◆ TASK GOAL ◆
Only the lines below from the one containing "Design Throw Pillow" through the one containing "stylized photo of" belong in the answer, repeated exactly and without pictures.

#### DATASET EXTRACT ####

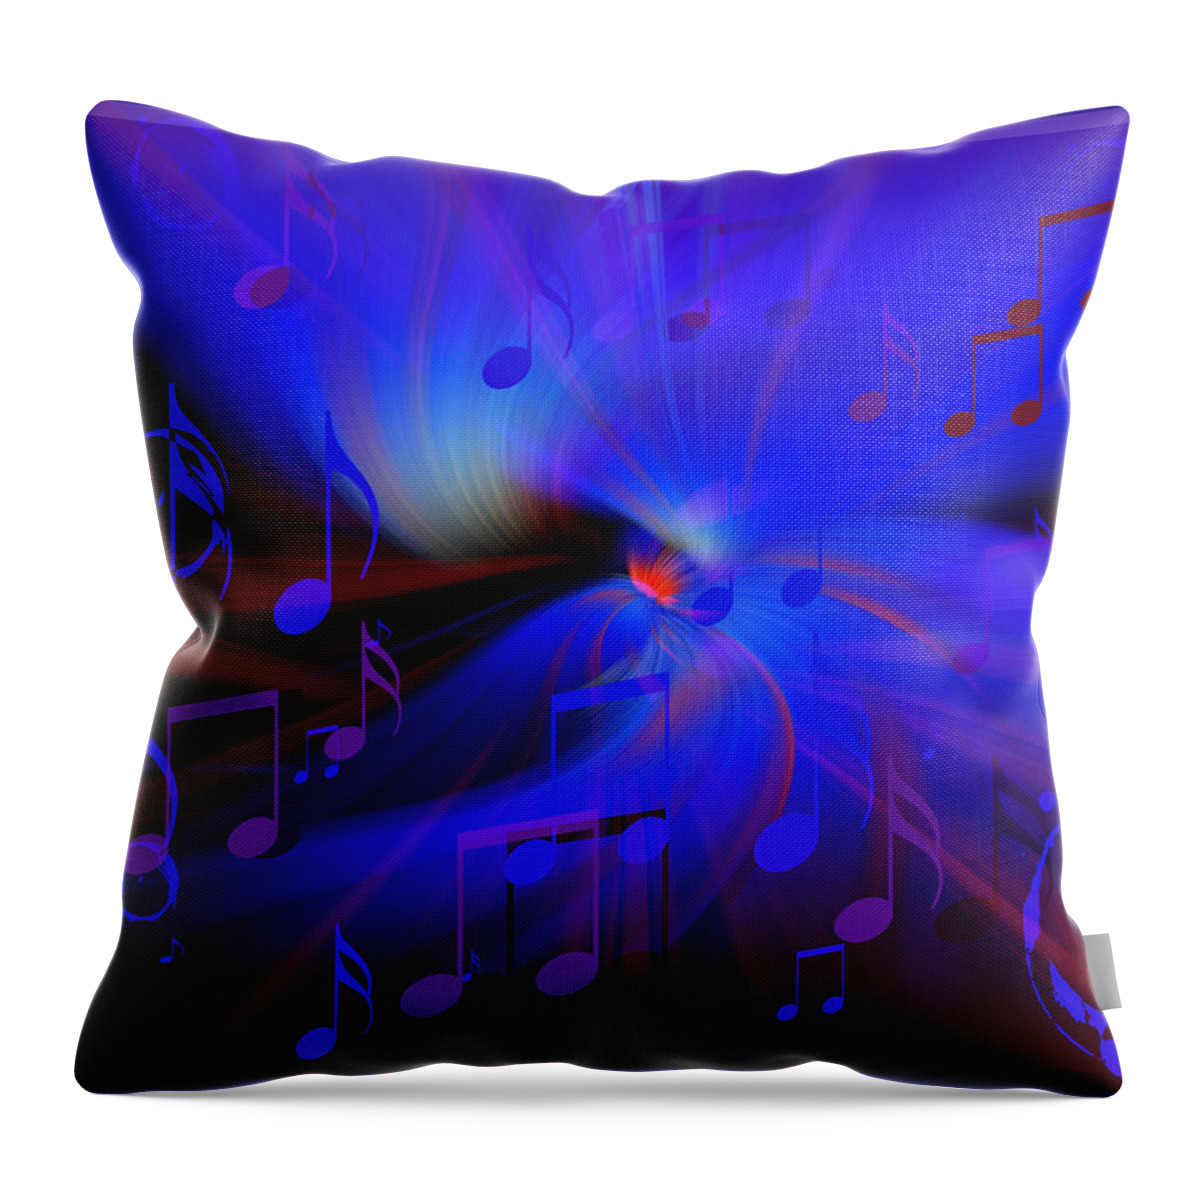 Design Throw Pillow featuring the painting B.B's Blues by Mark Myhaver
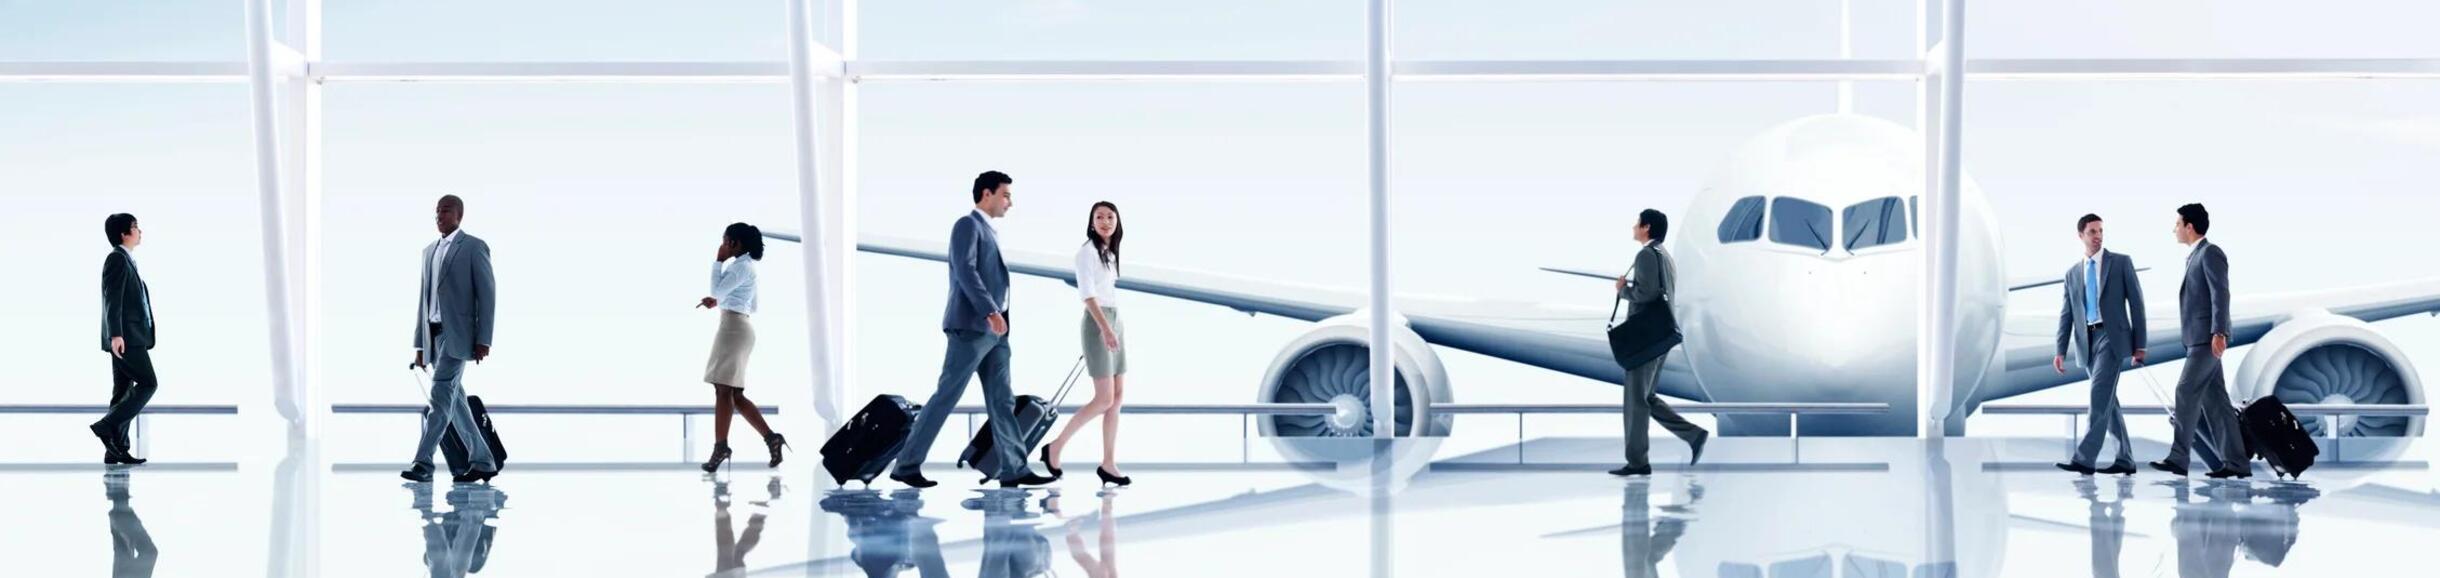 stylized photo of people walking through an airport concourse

####
#### DATASET EXTRACT ####

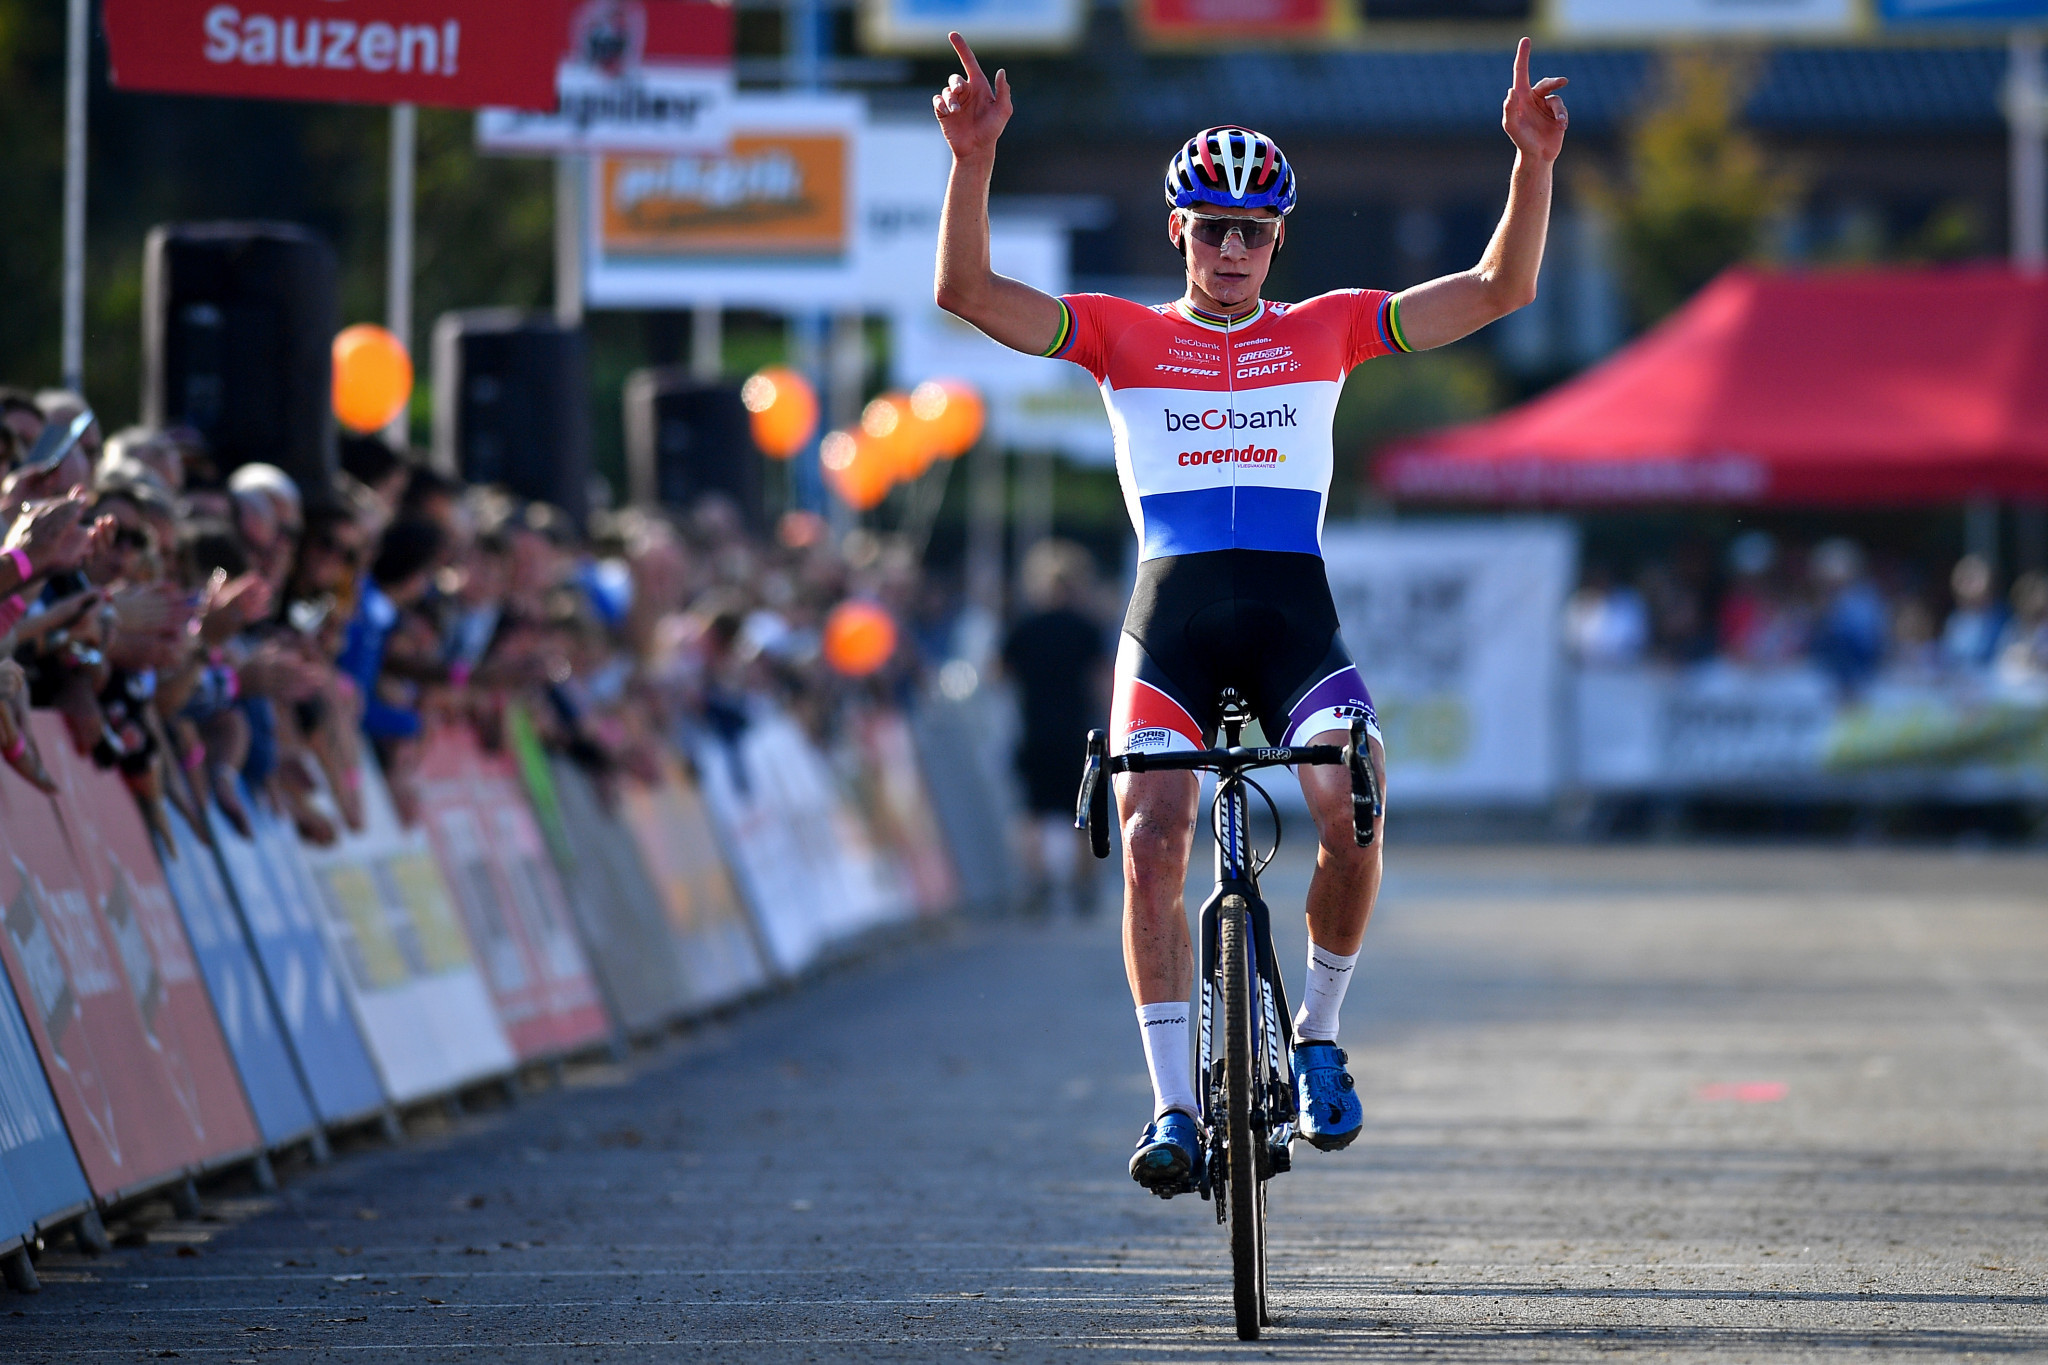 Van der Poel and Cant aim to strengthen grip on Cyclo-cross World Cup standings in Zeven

####
#### DATASET EXTRACT ####

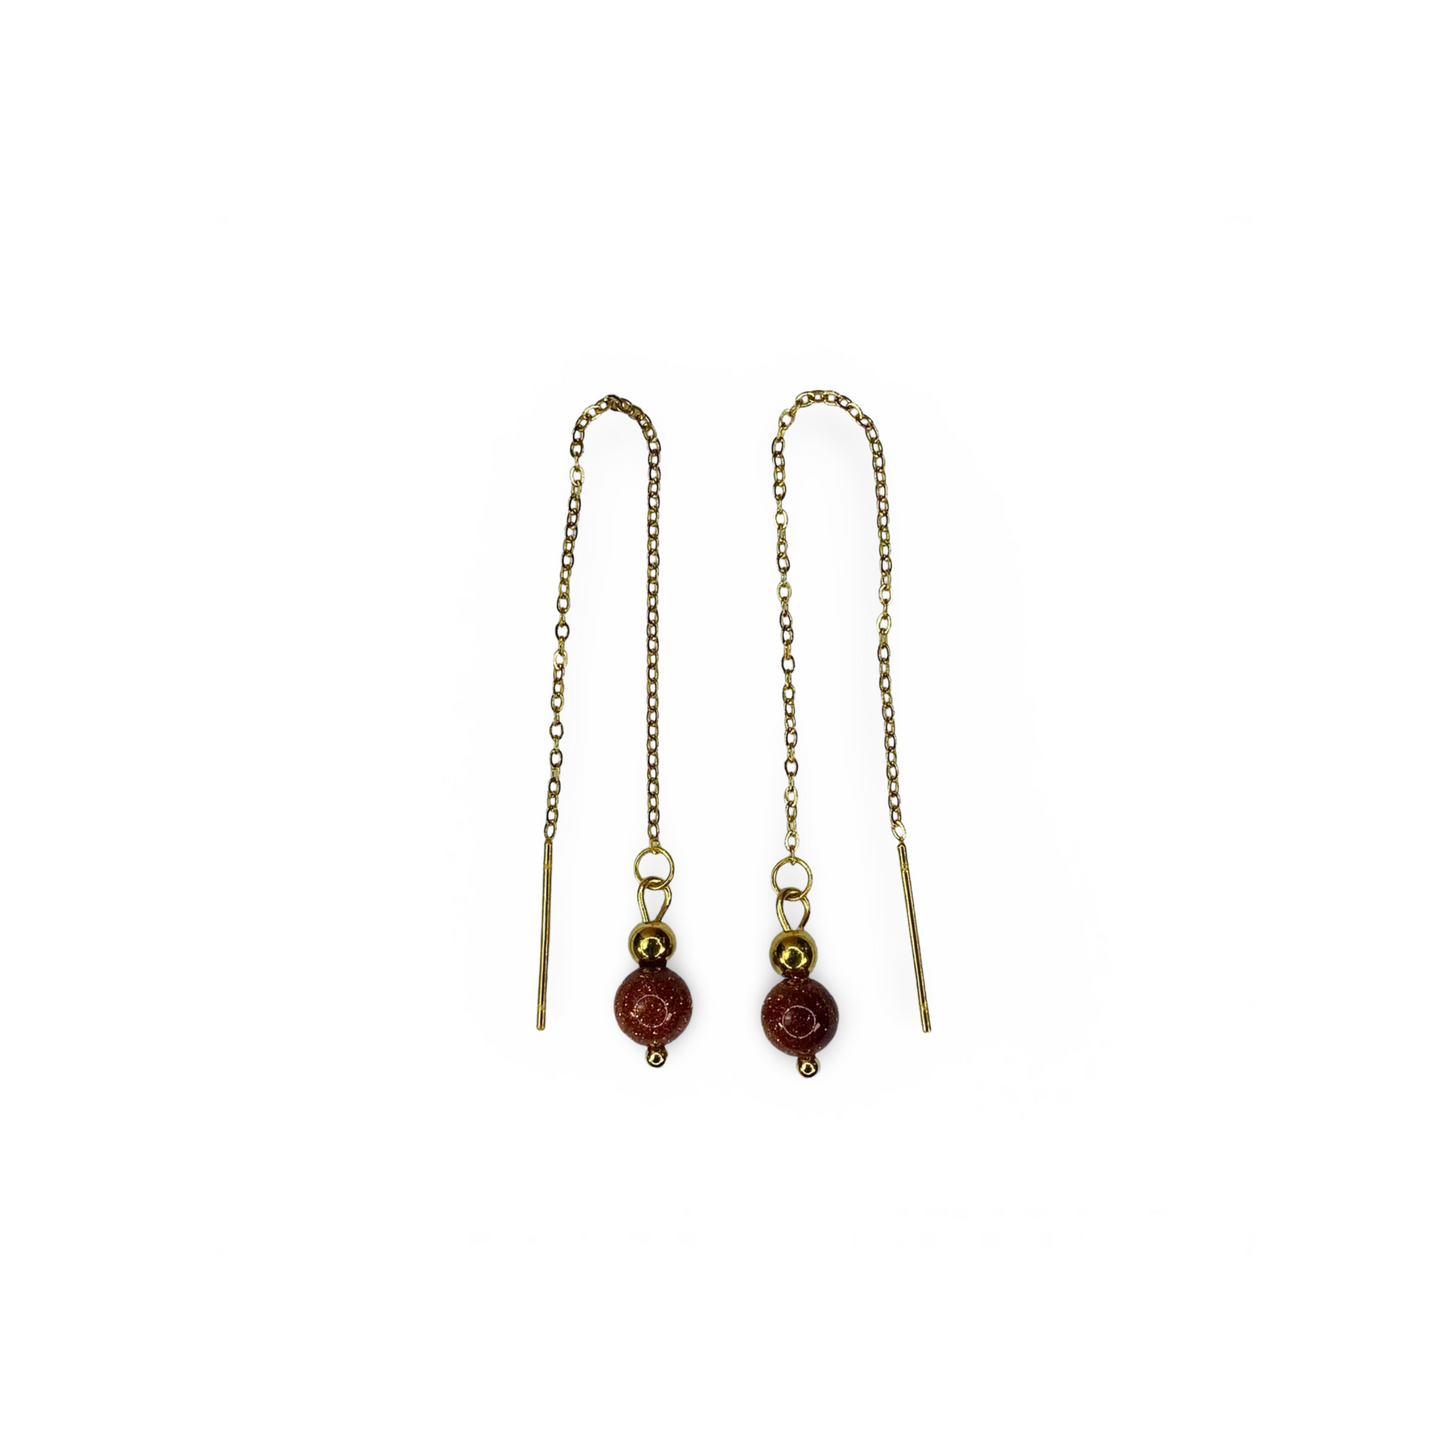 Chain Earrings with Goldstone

####

◆ EXERCISE RESULT ◆
 Design Throw Pillow featuring the painting B.B's Blues by Mark Myhaver
 stylized photo of people walking through an airport concourse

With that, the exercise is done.